If we have say 32 interconnected 48-core servers; 3 sockets of
dual-node 8-core Opteron 6300s, so 1536 cores in all. Latency across
the coherent interconnect is O(100x) higher than the internal
Hypertransport interconnect, so if we set RCU_FANOUT_LEAF to 48 to
keep leaf-checking local to one Hypertransport fabric, what wisdom
would one use for RCU_FANOUT? 4x leaf?
Or, would it be more cache-friendly to set RCU_FANOUT_LEAF to 8 and
RCU_FANOUT to 48?
The easiest approach would be to use the default of 16. Assuming
consecutive CPU numbering within each 48-core server, this would mean that
you would have three rcu_node structures per 48-core server. The next
level up would of course span servers, but that level is accessed much
less frequently than is the root level, so this should still work.
If you also have hyperthreading, so that there are 96 hardware threads
per server, and if you are using the same "interesting" numbering scheme
that Intel uses, then this still works.
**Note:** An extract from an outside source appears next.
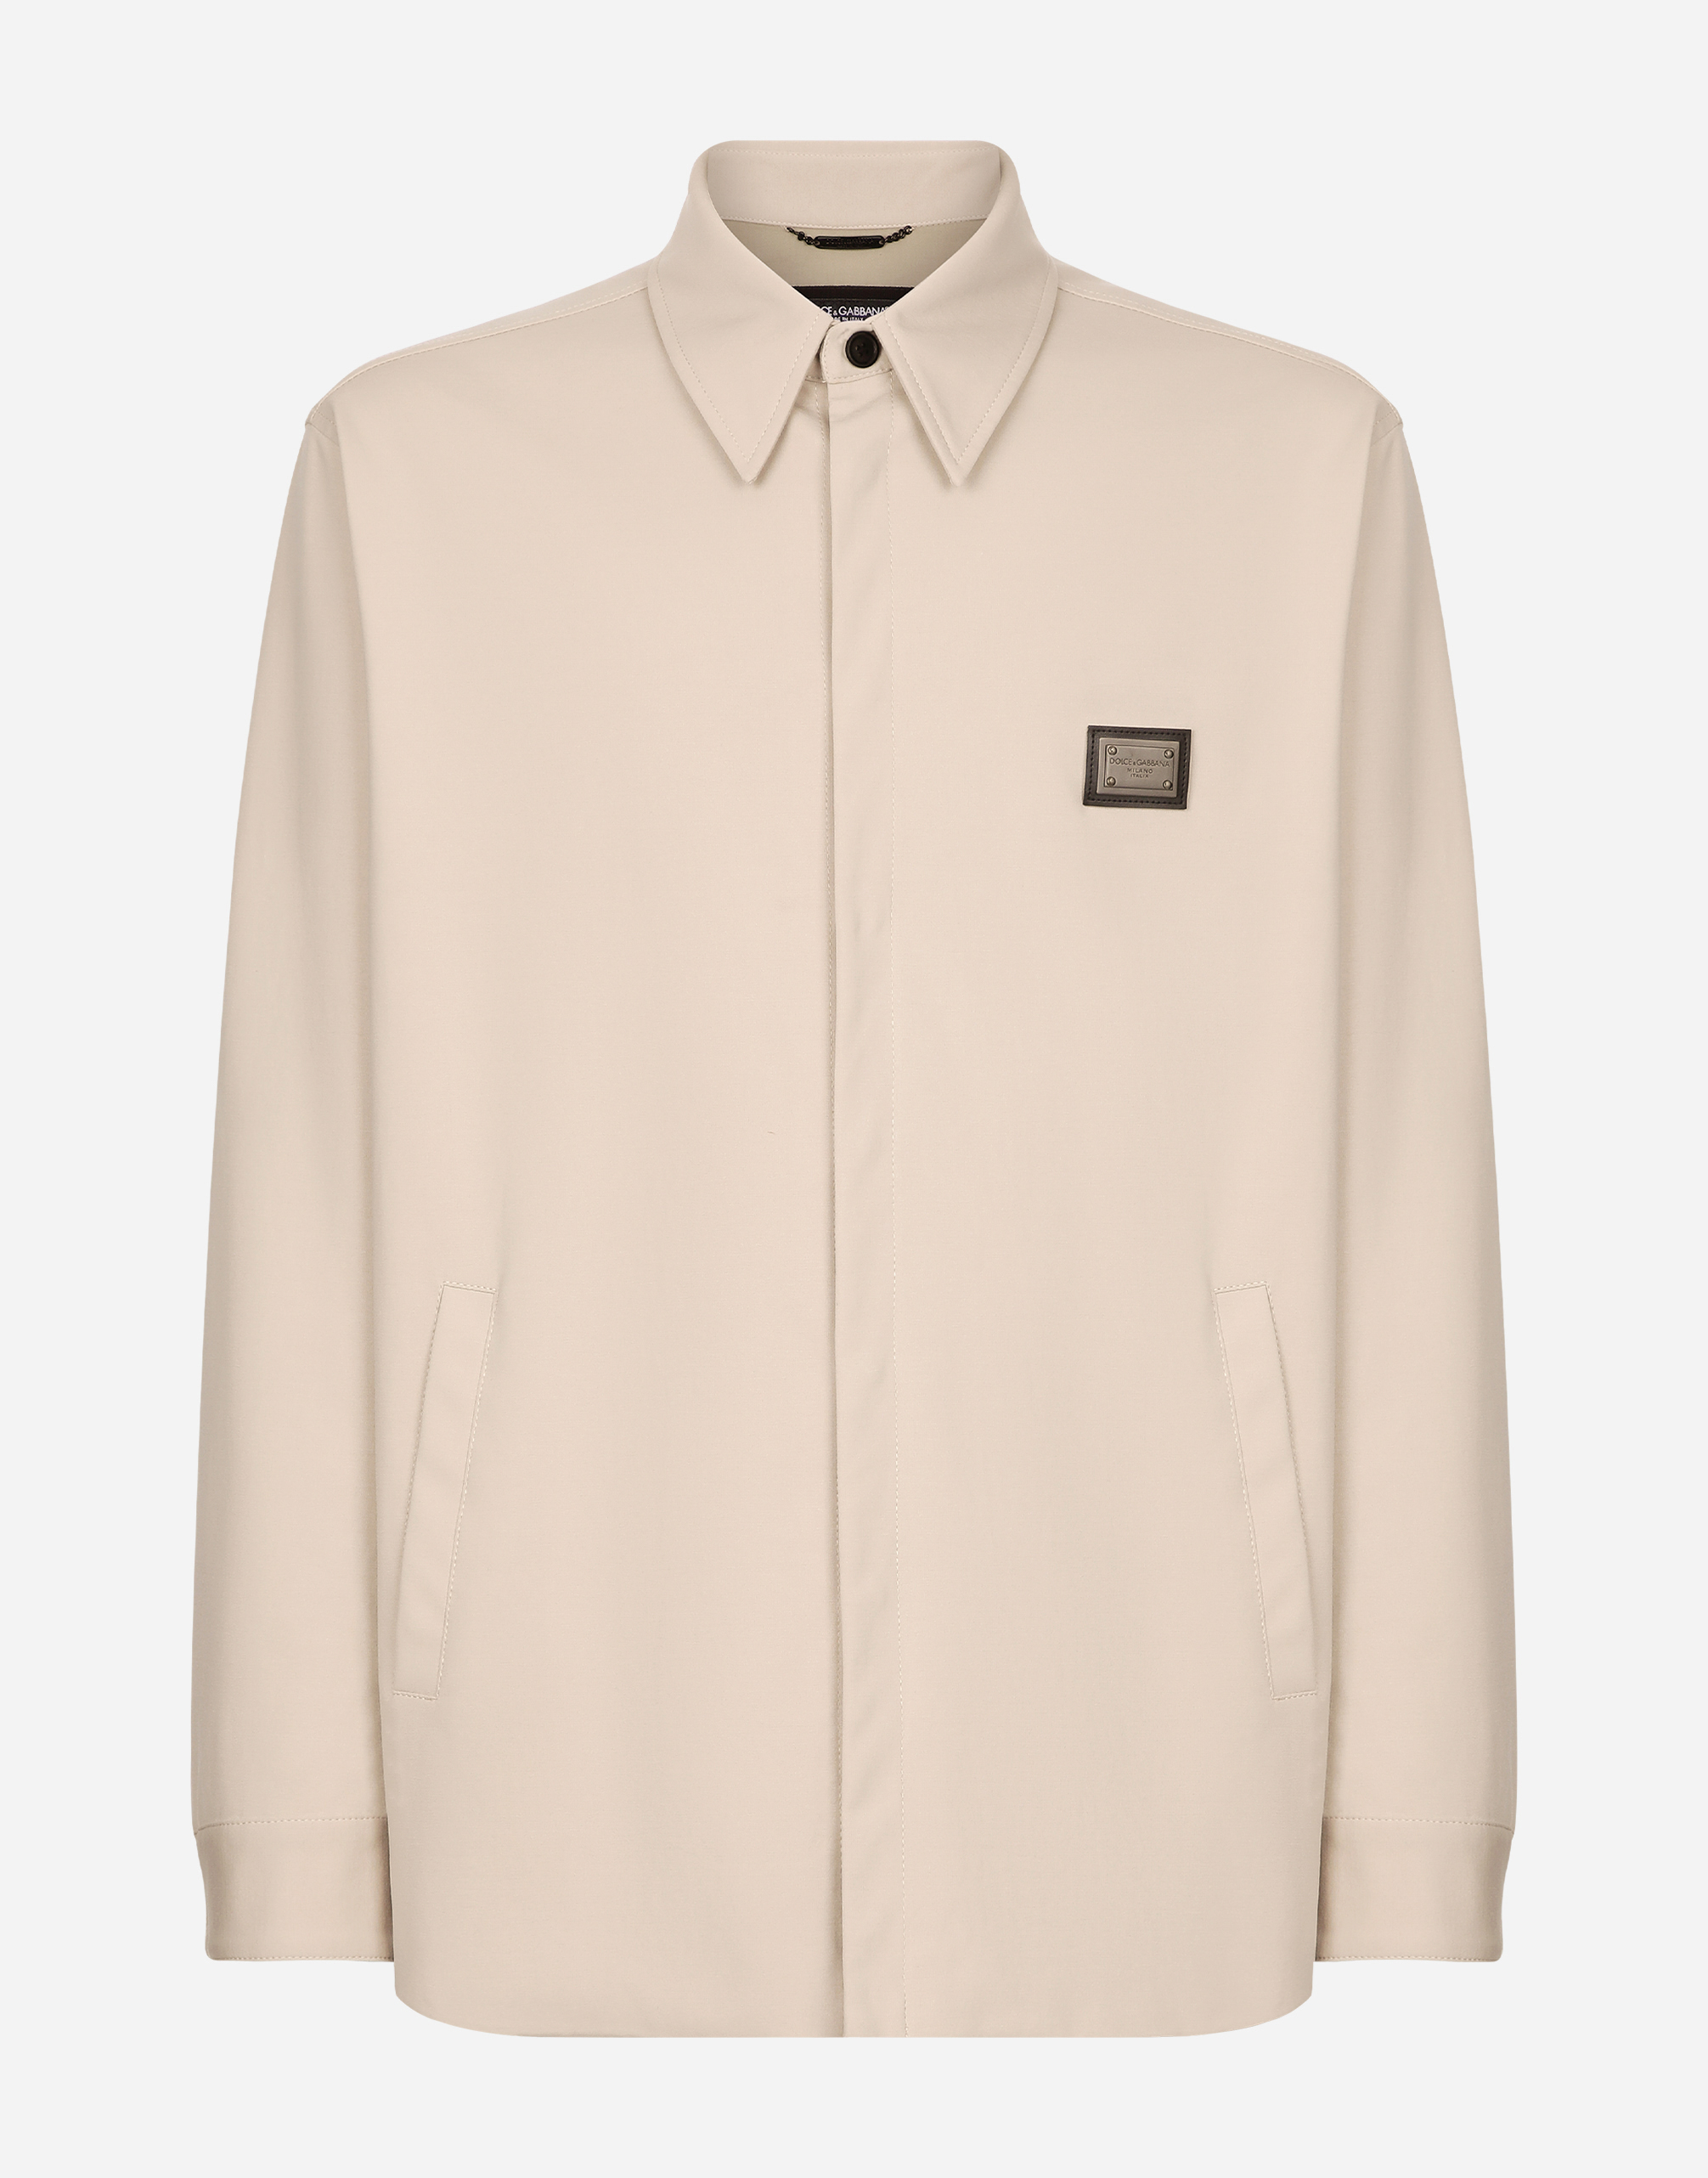 Dolce & Gabbana Technical Fabric Shirt With Tag In Beige

You have three leaf rcu_node
structure for the first set of hardware threads and another set of three
for the second set of hardware threads.
Or are you seeing some problem with the default? If so, please tell me
what that problem is.
You can of course increase RCU_FANOUT to 24 or 48 (this latter assuming
a 64-bit kernel), at least if you are using a recent kernel. However,
the penalty for too large a value for RCU_FANOUT is lock contention at
scheduling-clock-interrupt time. So if you are setting RCU_FANOUT to 48,
you probably also want to boot with skew_tick set.
But the best approach is to try it. I bet that the default will work
just fine for you. ;-)